### Exercise directions
Set down each line of the material that follows exactly, and leave its pictures out.

### Material provided
"""

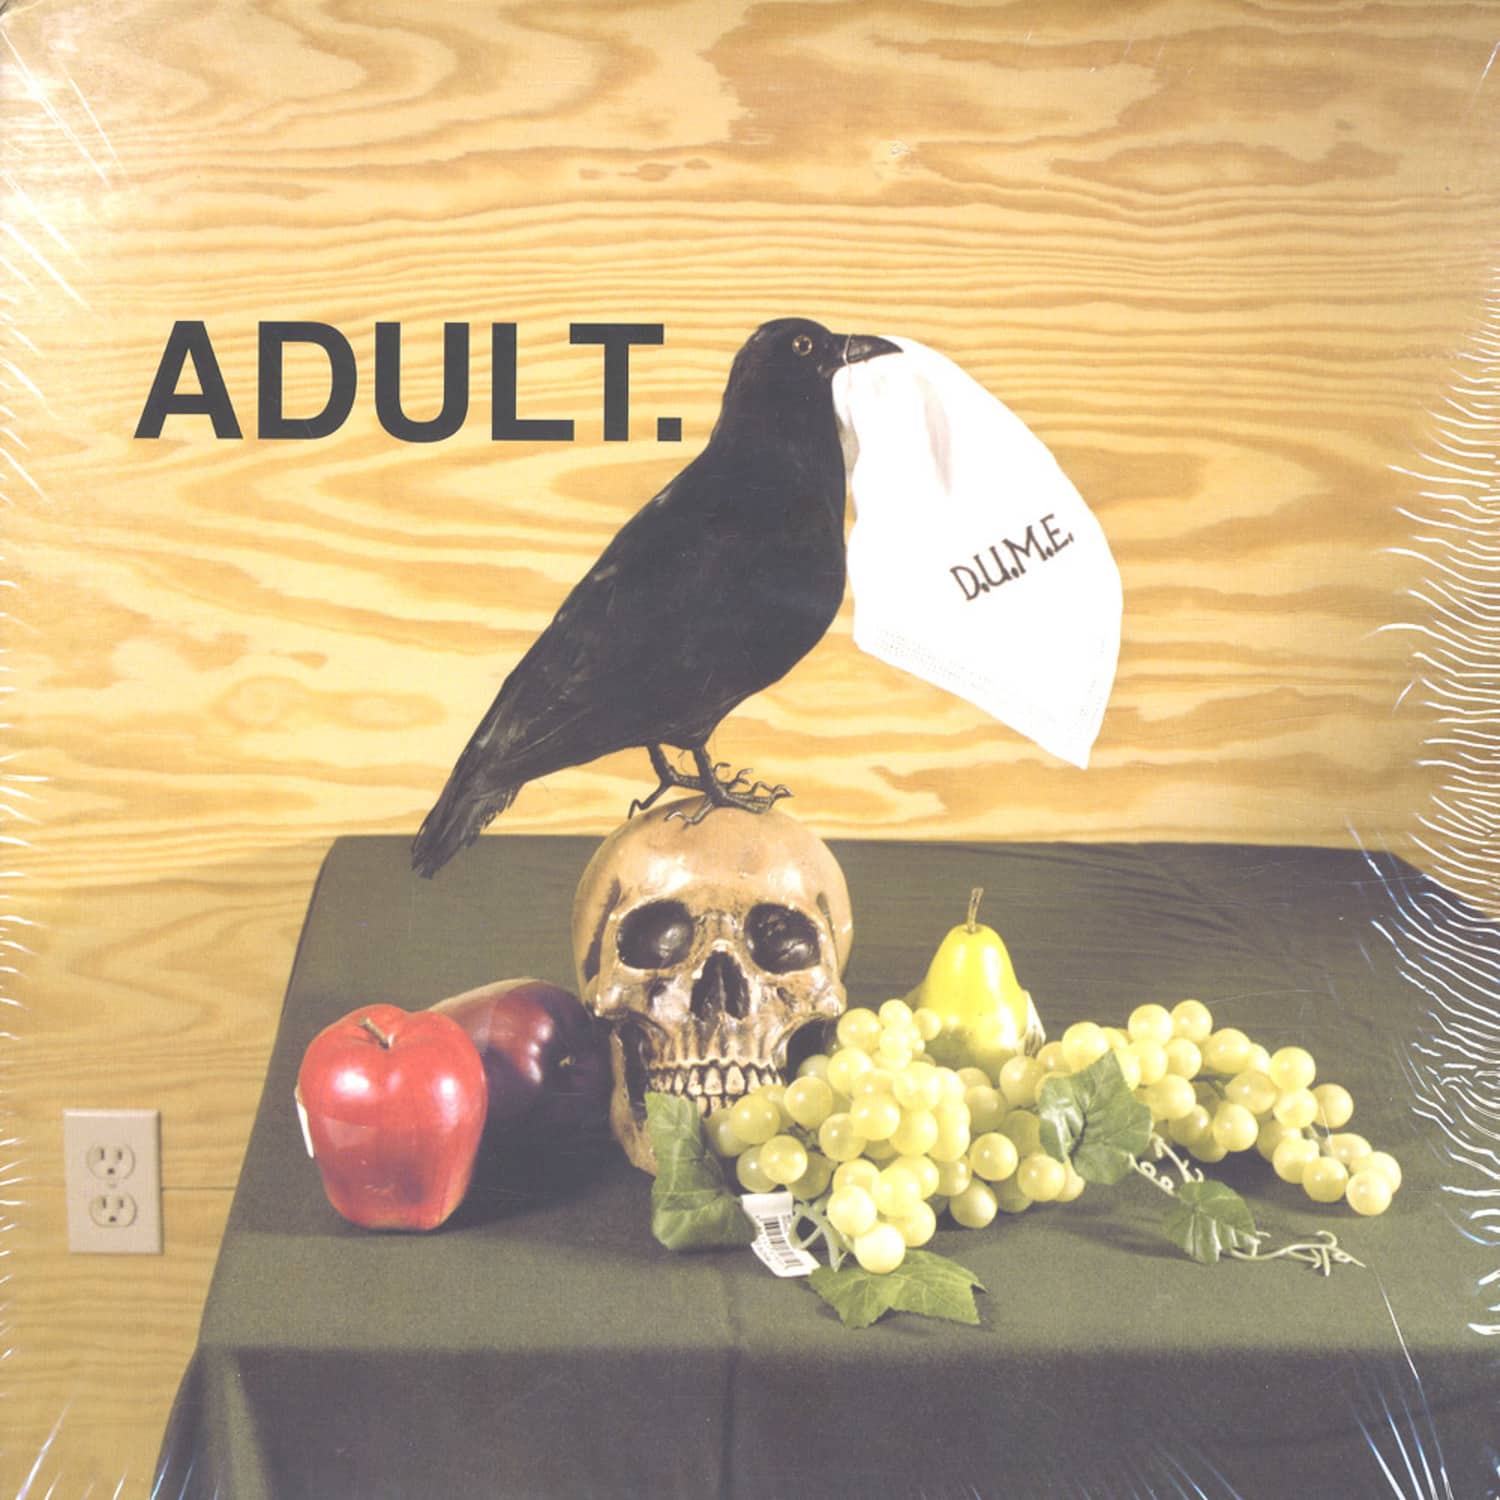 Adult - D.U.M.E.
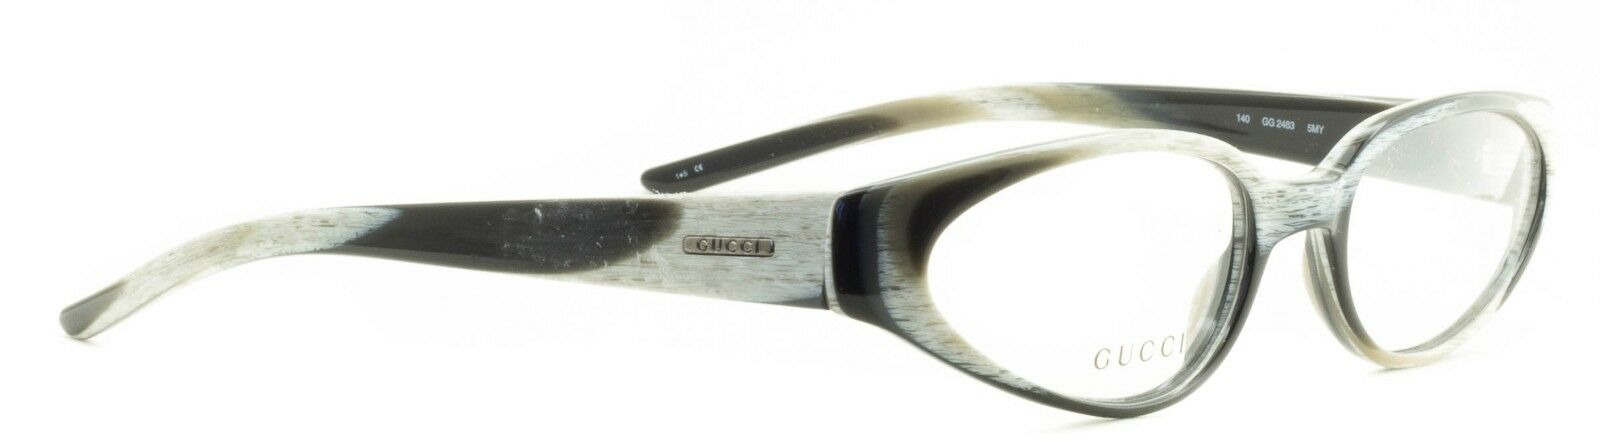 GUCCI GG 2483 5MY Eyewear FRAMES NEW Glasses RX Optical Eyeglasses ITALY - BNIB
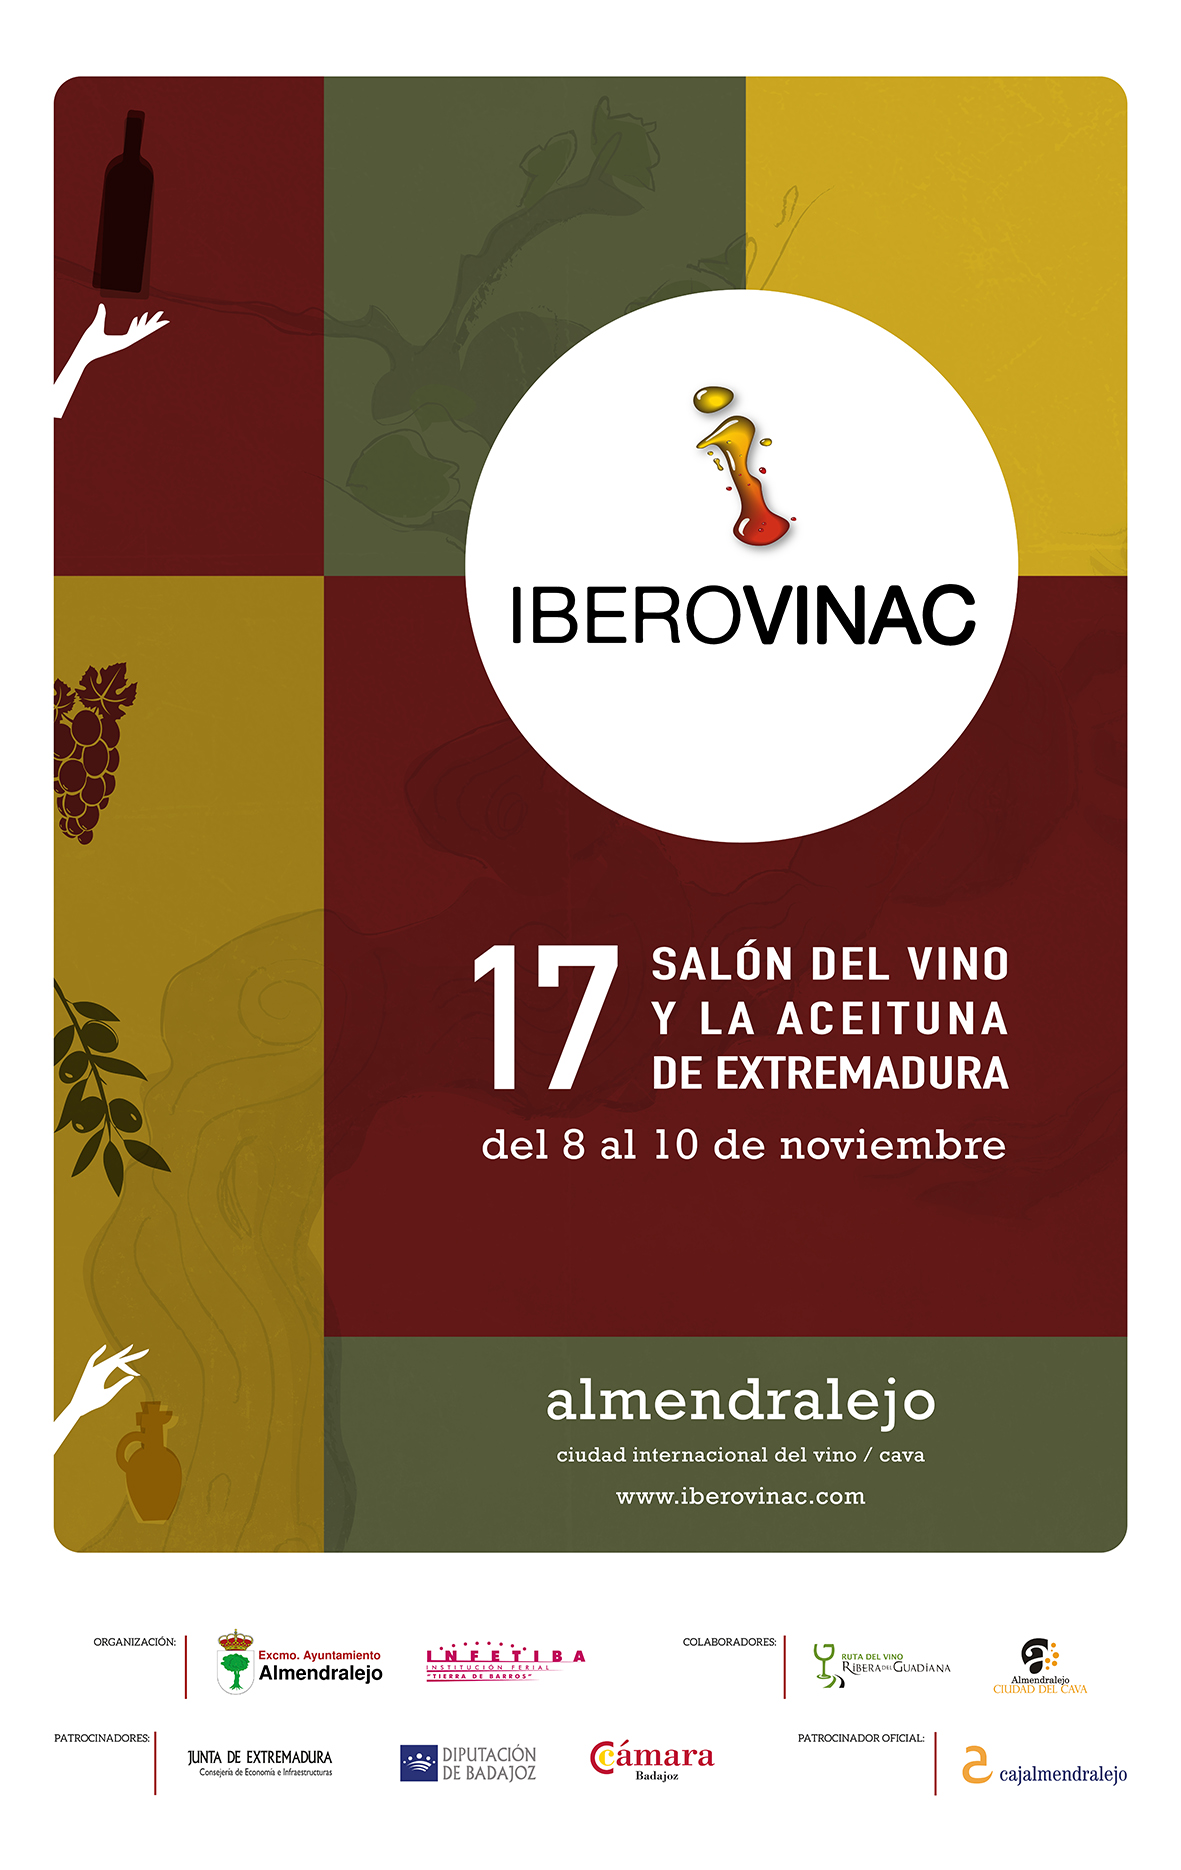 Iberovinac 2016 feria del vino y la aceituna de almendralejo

"""

### Answer to this task
 Adult - D.U.M.E.
 GUCCI GG 2483 5MY Eyewear FRAMES NEW Glasses RX Optical Eyeglasses ITALY - BNIB
 Iberovinac 2016 feria del vino y la aceituna de almendralejo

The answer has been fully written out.